(Provided data)

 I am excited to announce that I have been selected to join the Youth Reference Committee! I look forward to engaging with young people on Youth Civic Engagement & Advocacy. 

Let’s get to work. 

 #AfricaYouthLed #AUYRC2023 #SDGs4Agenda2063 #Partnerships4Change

(End Provided data)
(Provided data)

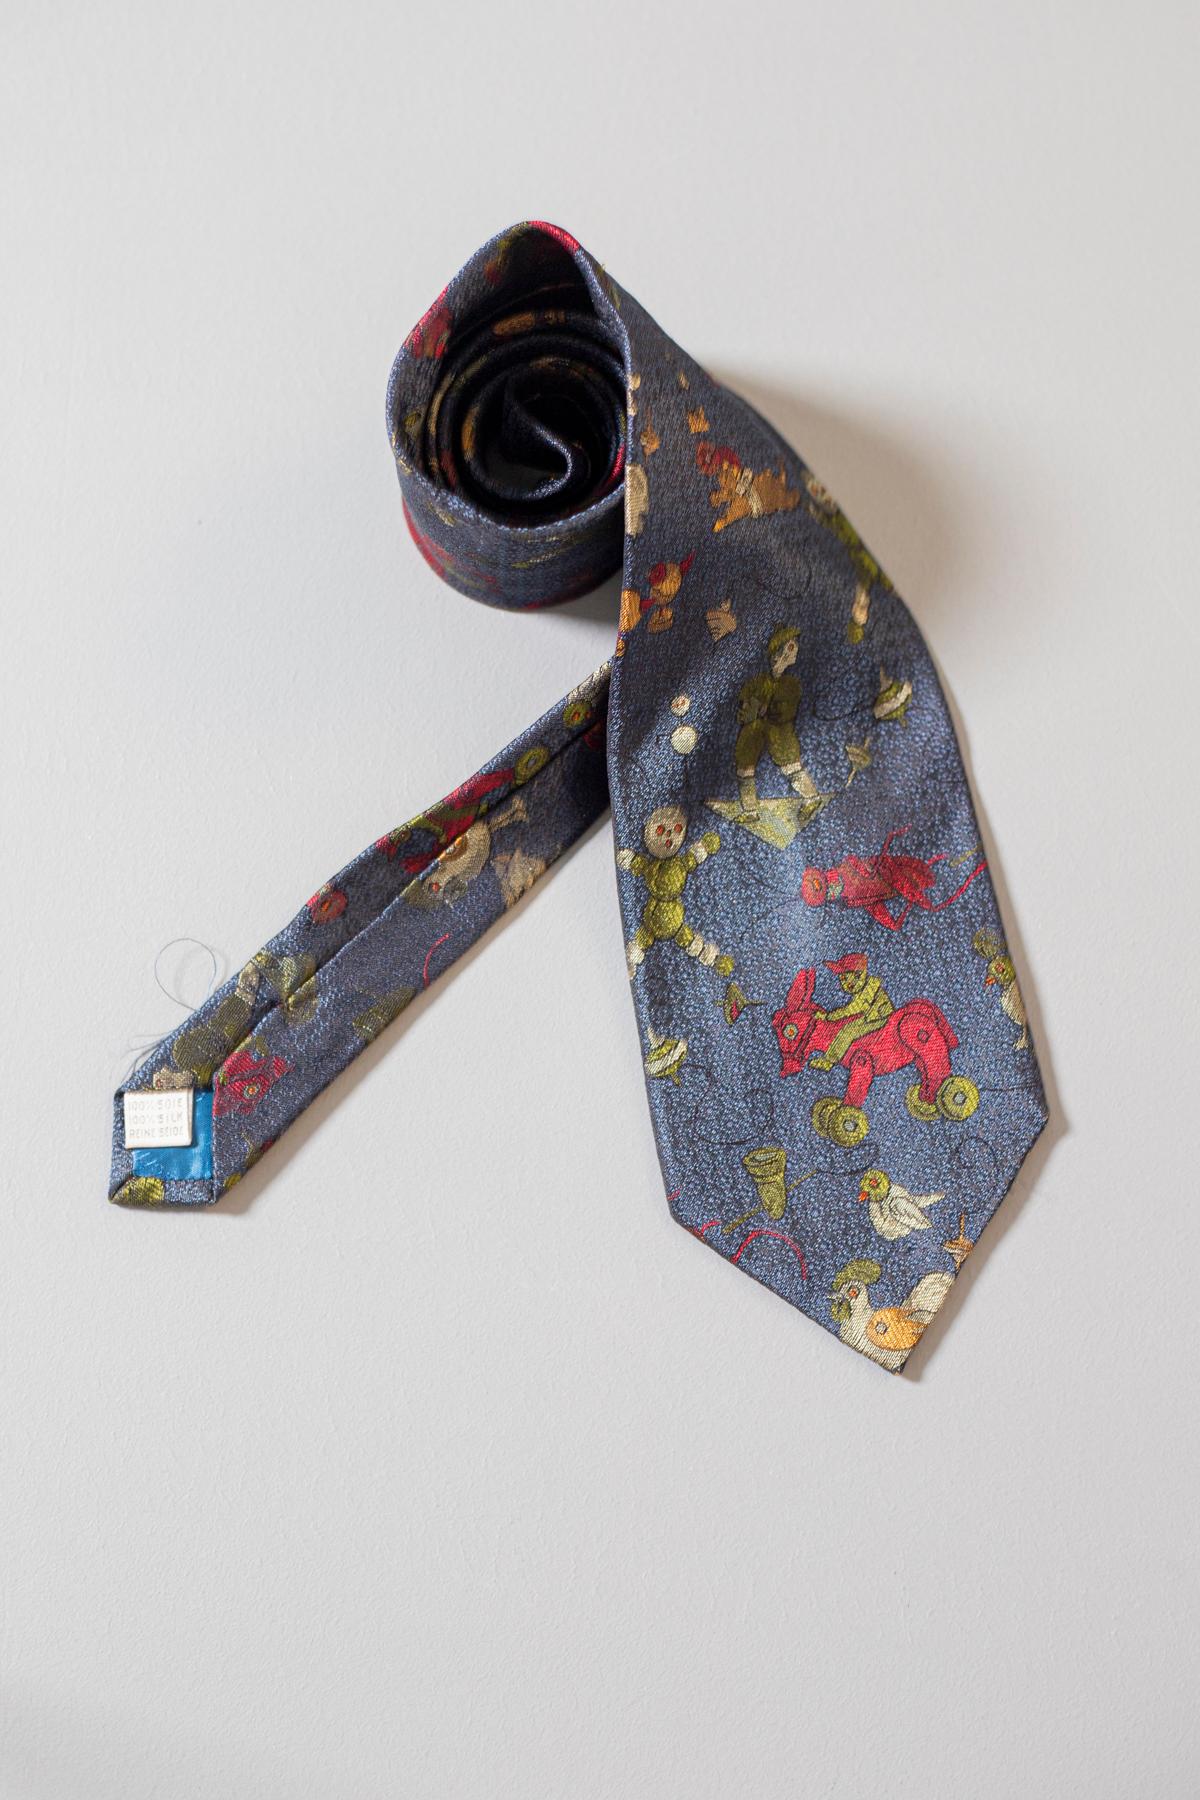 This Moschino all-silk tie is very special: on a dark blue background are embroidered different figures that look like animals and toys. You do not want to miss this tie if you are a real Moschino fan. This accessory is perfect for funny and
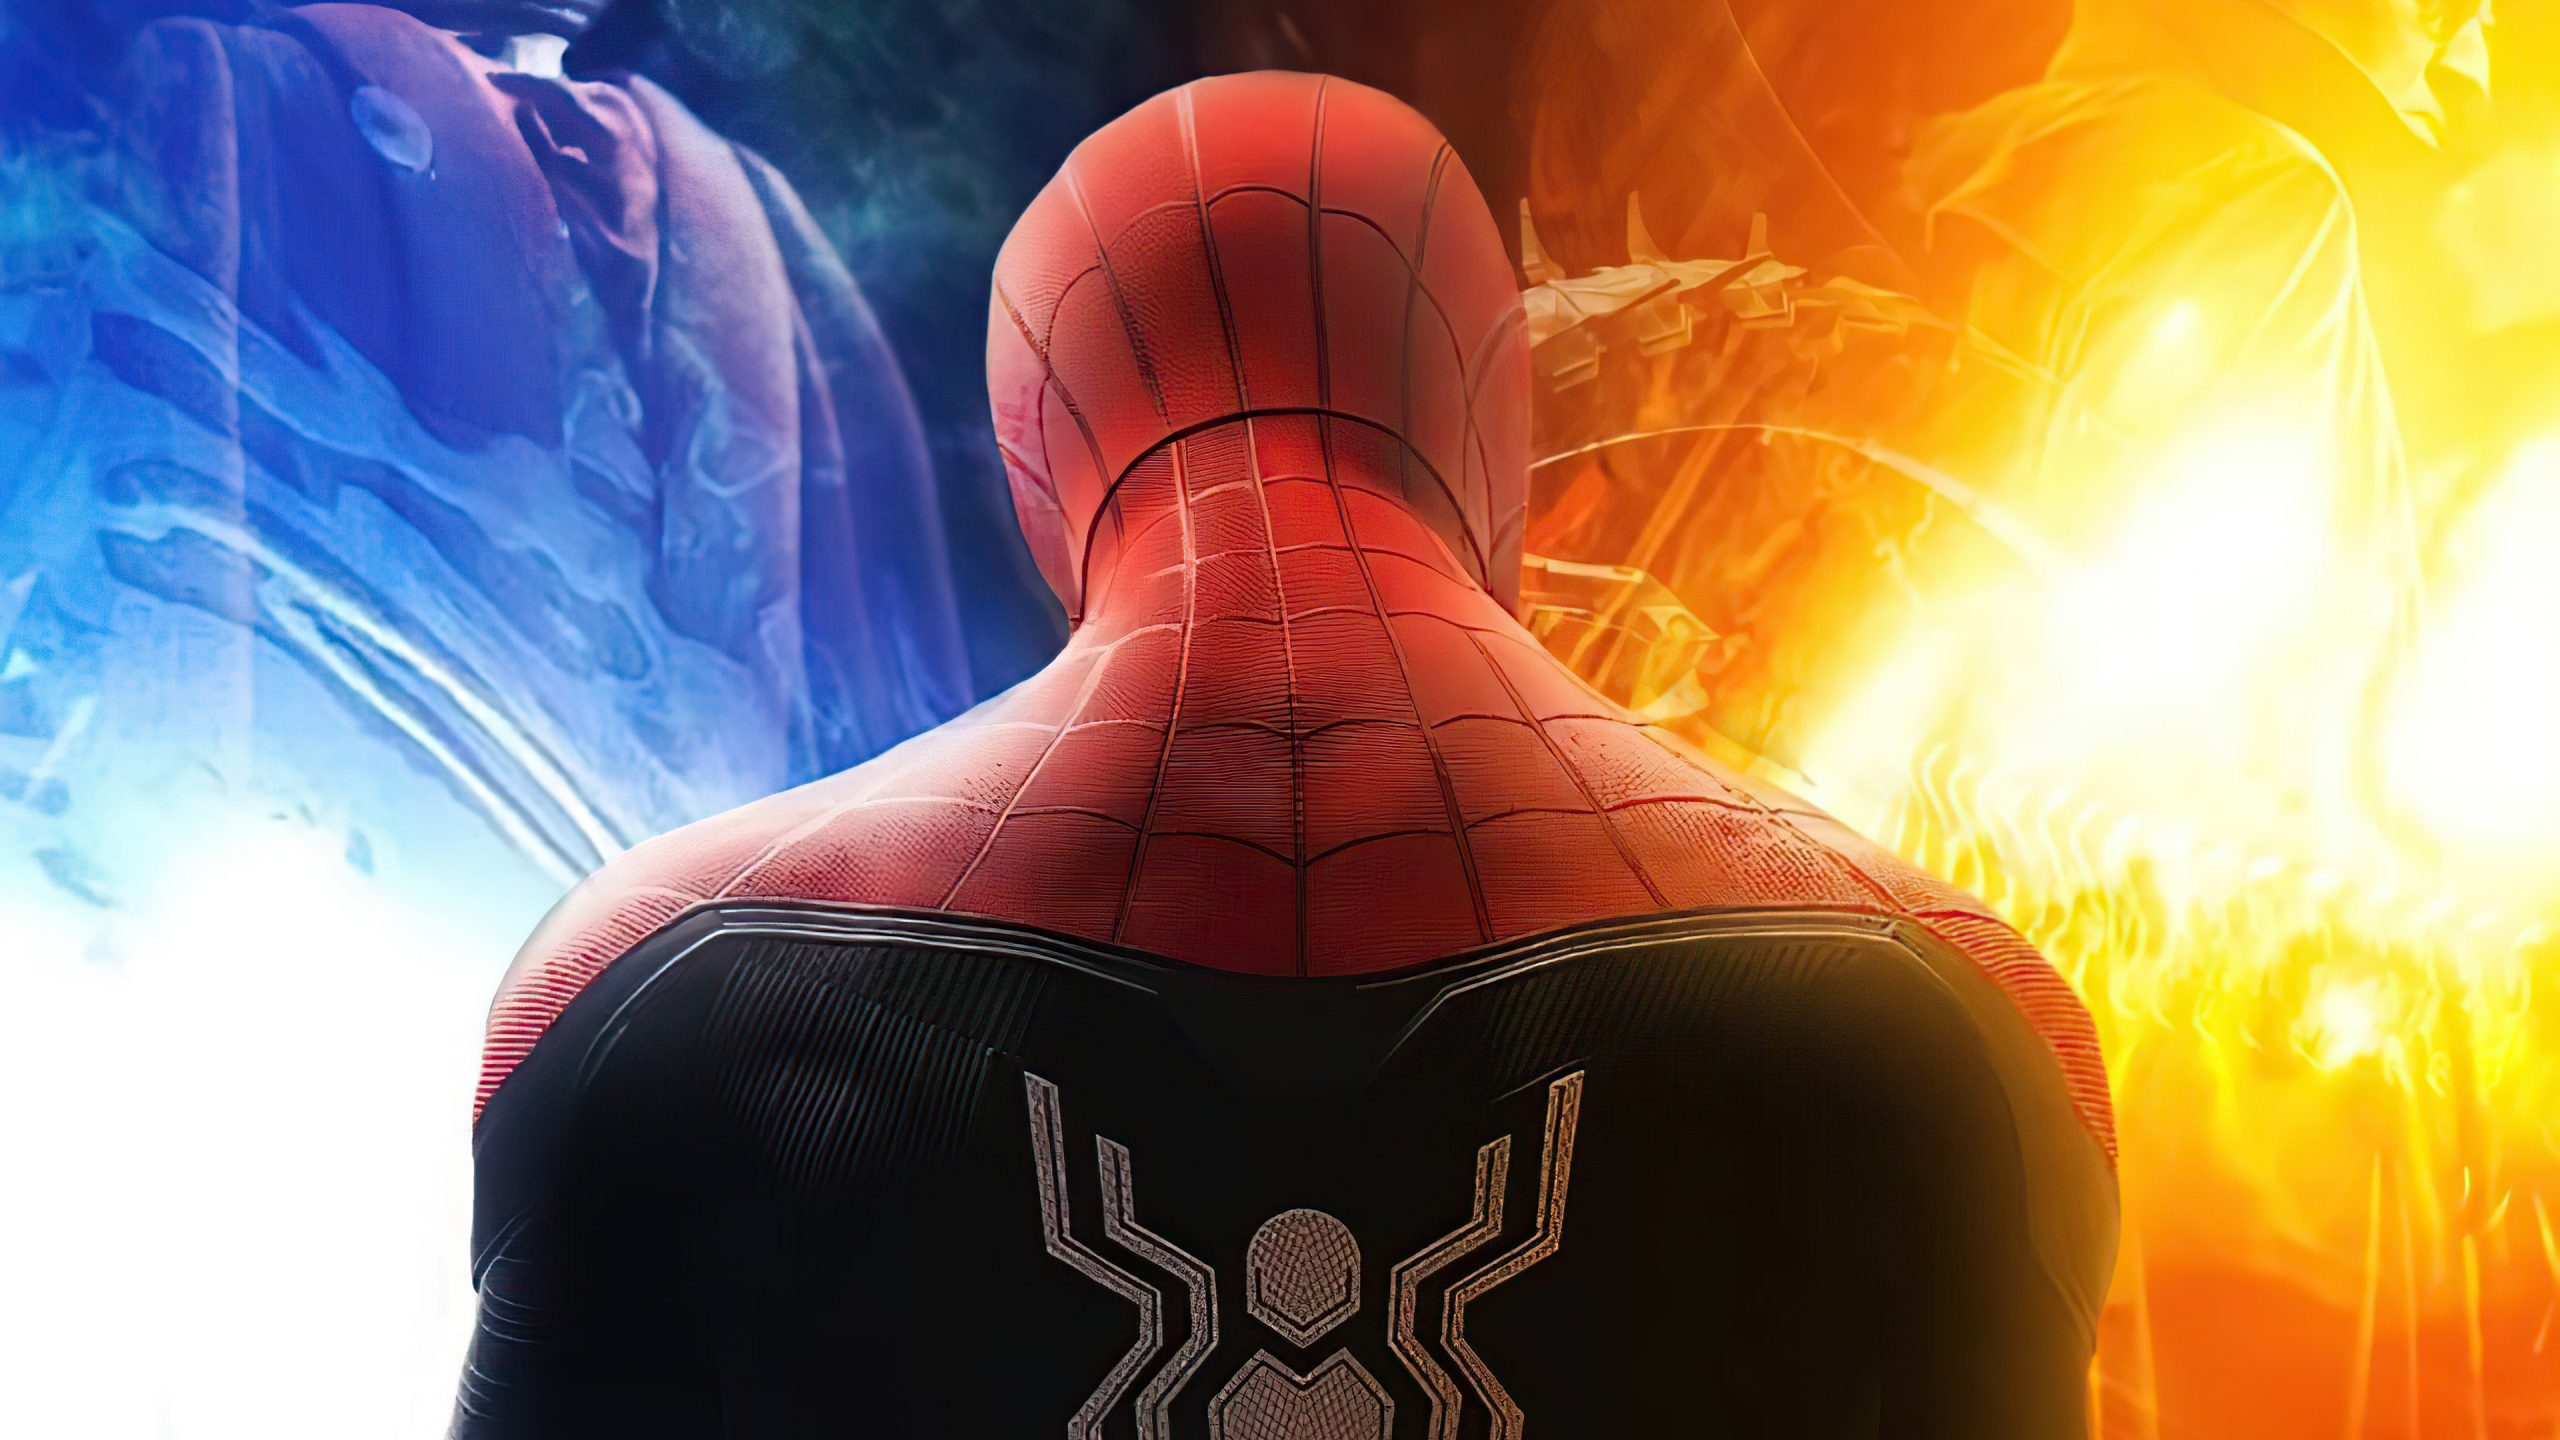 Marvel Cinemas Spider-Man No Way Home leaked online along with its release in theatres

(End Provided data)
(Provided data)

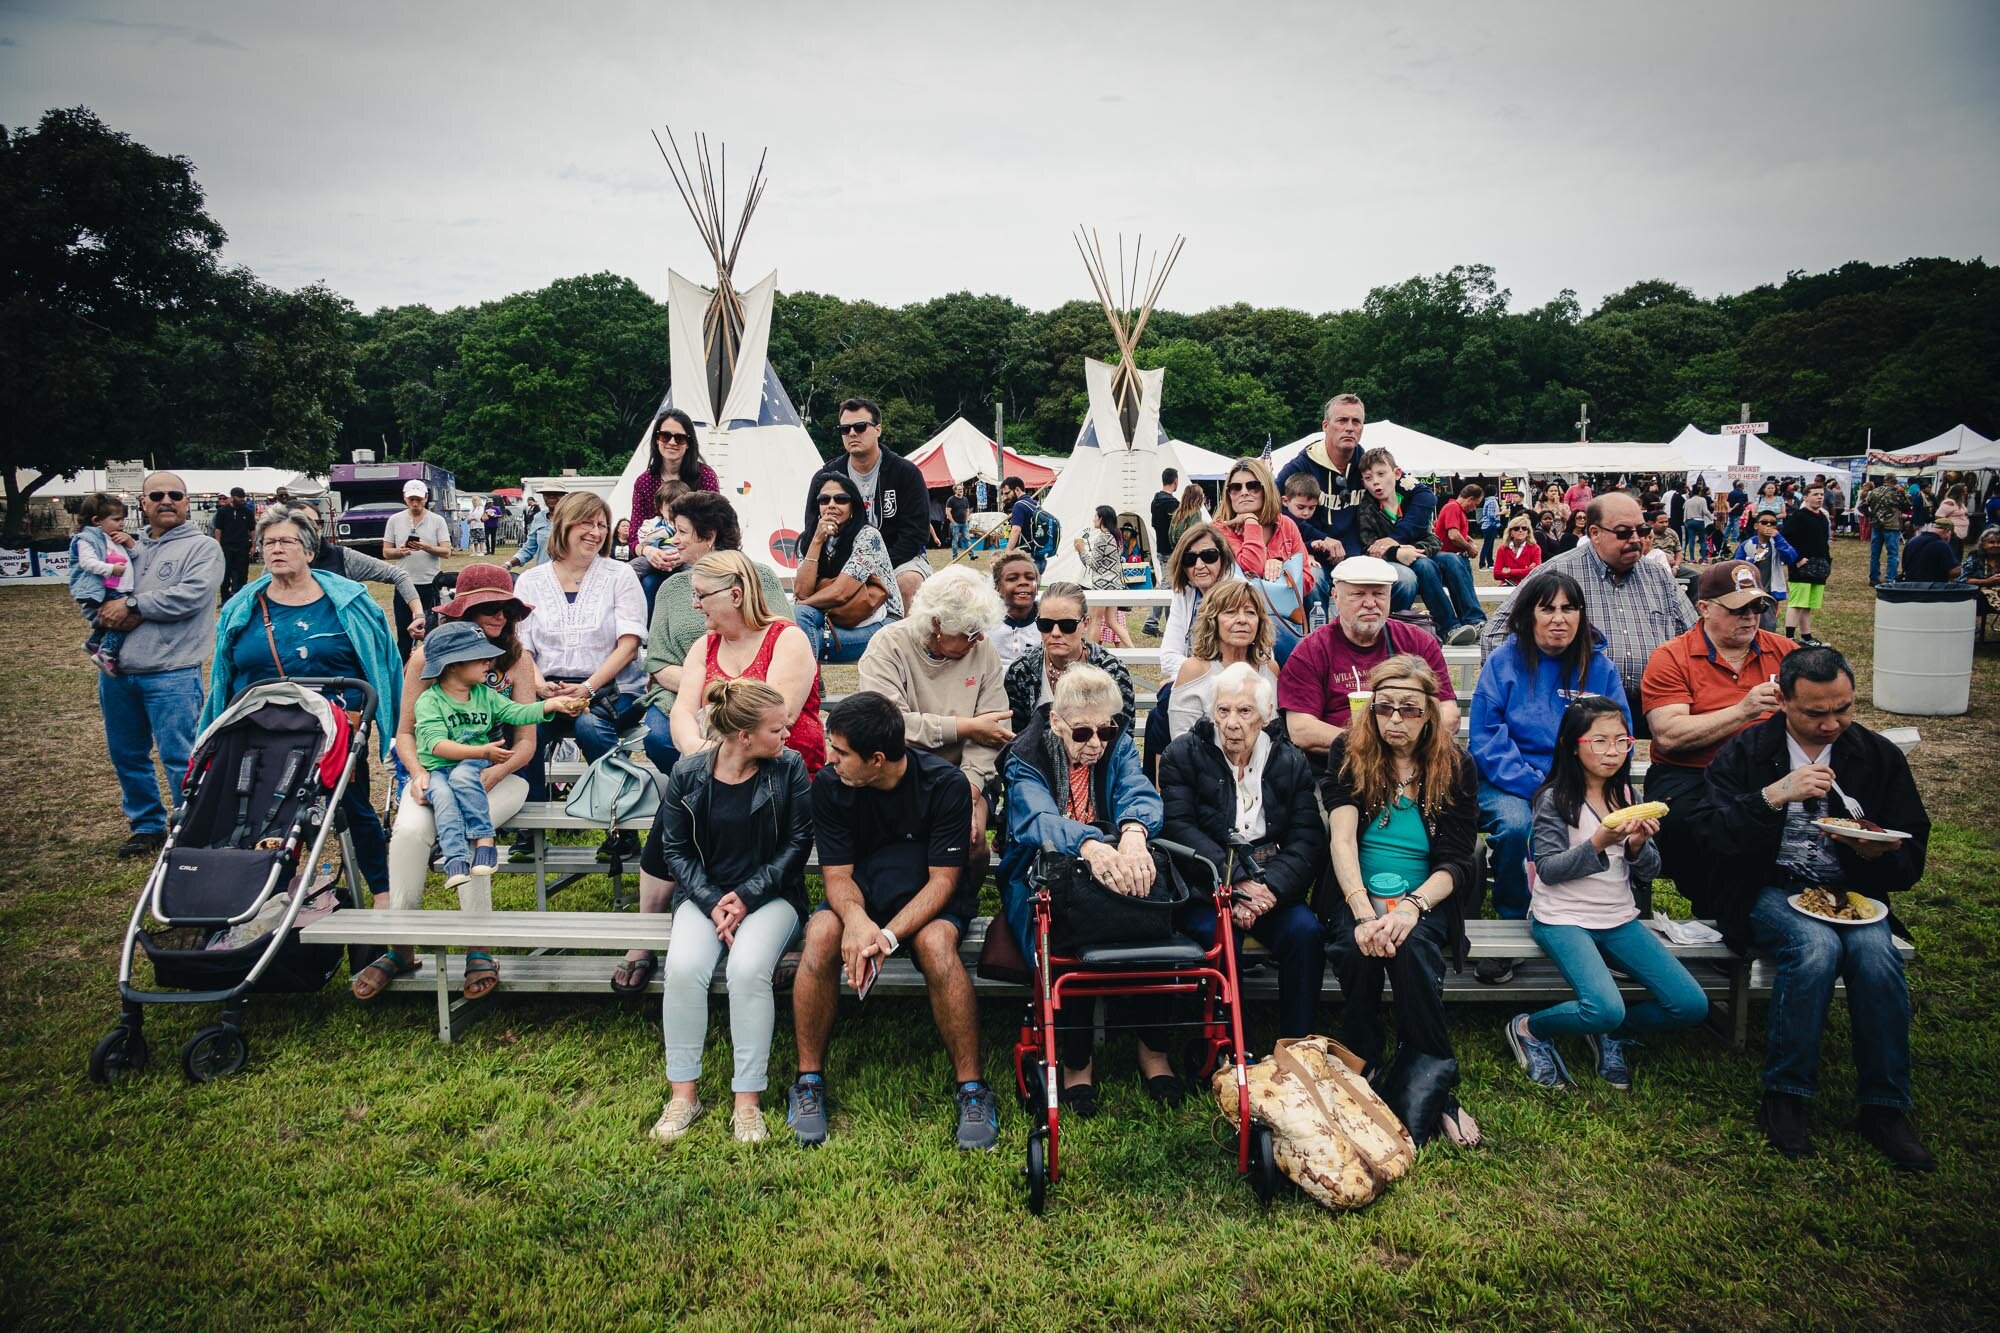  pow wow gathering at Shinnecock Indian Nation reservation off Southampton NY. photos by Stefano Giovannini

(End Provided data)

All that belongs in the answer is the run of lines above from the line containing "I am excited" through the line containing "#AfricaYouthLed #AUYRC2023 #SDGs4Agenda2063", exactly as written.

## Exercise result
 I am excited to announce that I have been selected to join the Youth Reference Committee! I look forward to engaging with young people on Youth Civic Engagement & Advocacy. 

Let’s get to work. 

 #AfricaYouthLed #AUYRC2023 #SDGs4Agenda2063 #Partnerships4Change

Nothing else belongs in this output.